Ale myślę, że Twój się po prostu waha. Jeszcze do końca się nie odciął do tamtej, a boi się lub jeszcze nie do końca wyobraża sobie powrót. Jego kowalska też pewnie mimo przemyśleń brnie dalej. Co to da ,że ma przebłyski i wyrzuty sumienia? Gdyby dojrzała emocjonalnie to za tym poszłyby czyny, czyli definitywne zerwanie i odcięcie się od Twojego męża? Jeśli wcześniej sama podsuwała Ci dowody zdrady męża, to przecież chciała rozpadu Waszego związku, walczyła o faceta. Nie jestem pewna, czy uzmysłowienie sobie przez Twojego męża dlaczego tak robiła przedtem wystarczy, by go dosunąć od niej na zawsze? Może za moment nie będzie już taki oburzony, a pomyśli, że to uroczo że kowalska o niego walczyła?
Musisz obserwować, stawiać granice i nie pozwalać się ranić, ale jednocześnie nie odcinać męża. Jak czytam forum, to pojawiają się opinie, że nie należy w tym etapie atakować kowalskiej, tylko przemilczeć swoje. Mąż musi sam wyciągnąć wnioski, żeby Ci nie zarzucił że to Twoja opinia i starasz się go przekonać. Nadejdzie moment, że otrzeźwienie będzie rzeczywiste i ocena kowalskiej też przybierze inny wymiar. Musisz czekać i tyle.
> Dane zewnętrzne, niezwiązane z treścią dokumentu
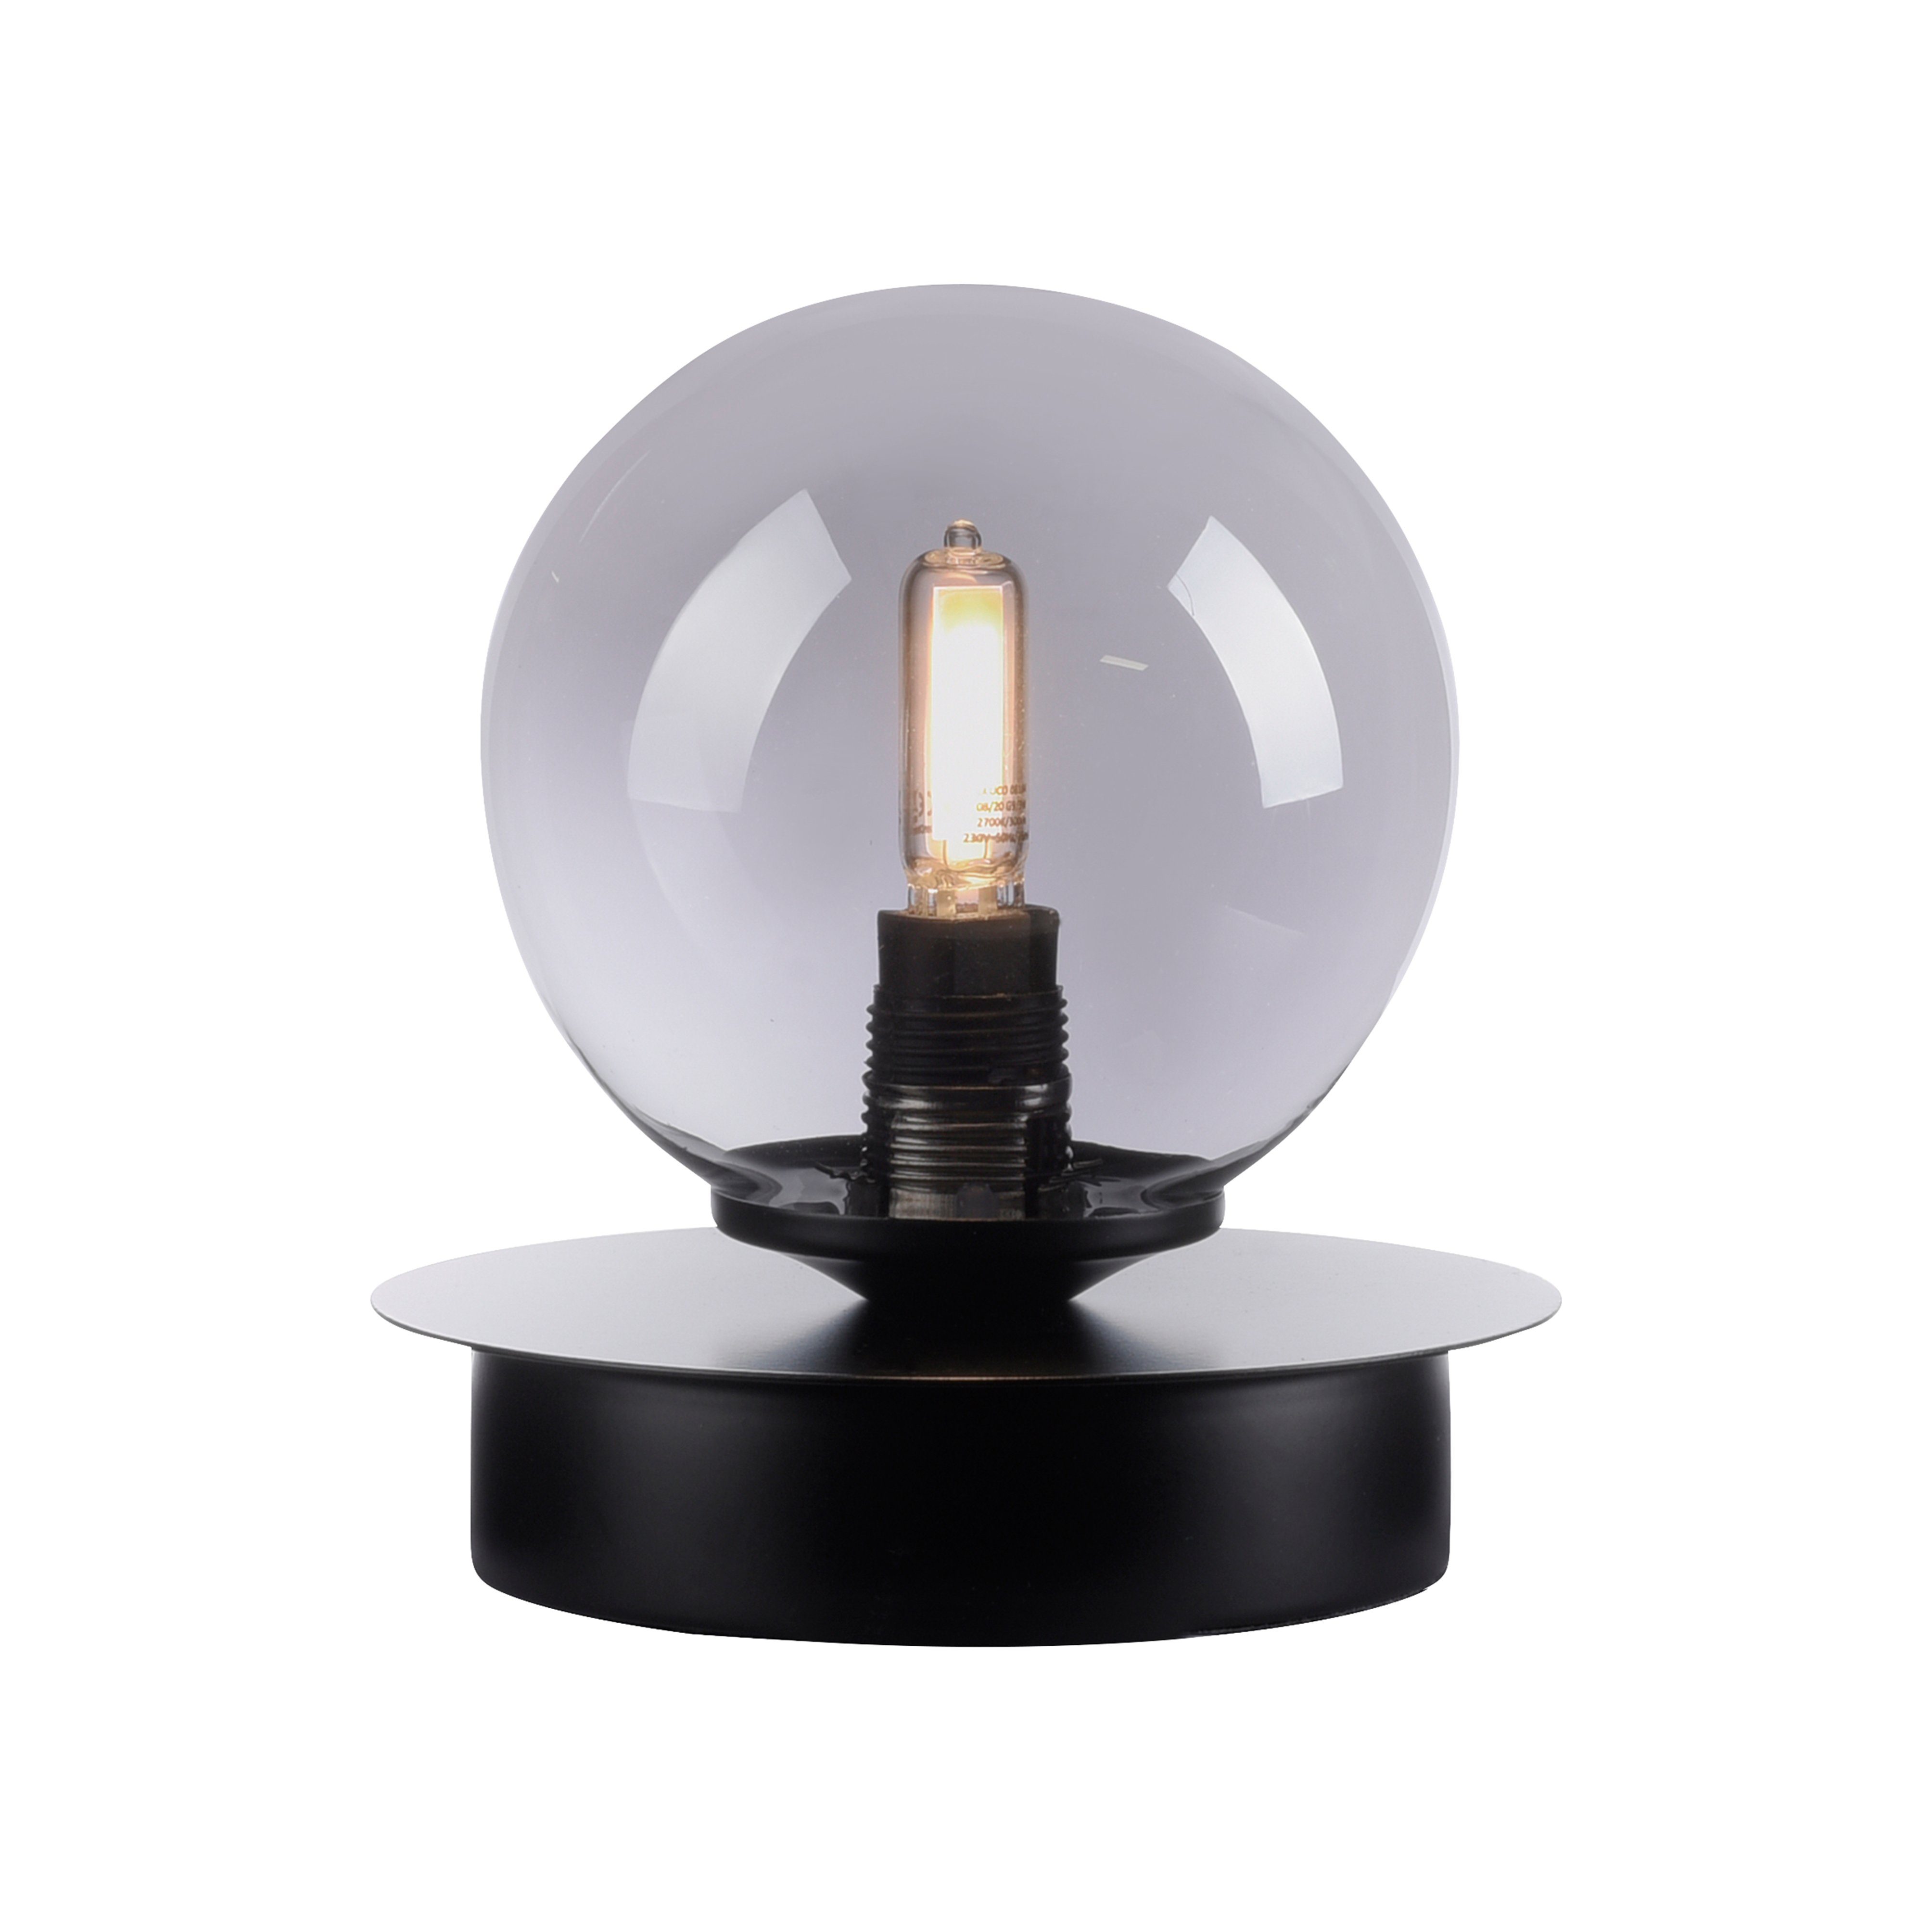 Warmweiß, Nachttischlampe Paul LED Schnurschalter wechselbar, WIDOW, LED Schalter, Neuhaus

Nabieraj sił, byś potem dała radę z odbudową powalonej budowli...Waszego związku.
Tusia1987 [Usunięty]
Wysłany: 2015-12-30, 09:56
coraz mniej mam nadziei na odbudowę tej budowli.... Myślę, że na zgliszczach tej budowli stawiają sobie inną już budowlę. Nową... Wątpię w jej trwałość.... Bo to budowane bez najmocniejszego fundamentu- bez Boga.
Ale cóż...
Na razie zaczynam żyć jutrzejszym Sylwestrem
BjD [Usunięty]
Wysłany: 2015-12-30, 11:28
Dziewczyny jakie te nasze historie podobne.................. ech
Mój mąż też gra mega szczęśliwego................ ale ja znam go bardzo dobrze i wiem że aż taki szczęśliwy nie jest .................. w styczniu będzie rok jak się wyprowadził ....niby cały czas romans trwa, kochanka jest super, ekstra itd. ..................ale na pewno jest jakieś "ale" bo ja to widzę jak odwozi córcię lub przyjeżdża do córci i czasem spędza 2 czy 3 godziny w naszym domu ........ Ufam Bogu, że uda mu się wyprowadzić dobro z tego kryzysu i cały czas wierzę że mąż wróci, że będziemy mogli odrodzić nasze małżeństwo ...............tylko trzeba czekać................. zajmować się sobą, córcią.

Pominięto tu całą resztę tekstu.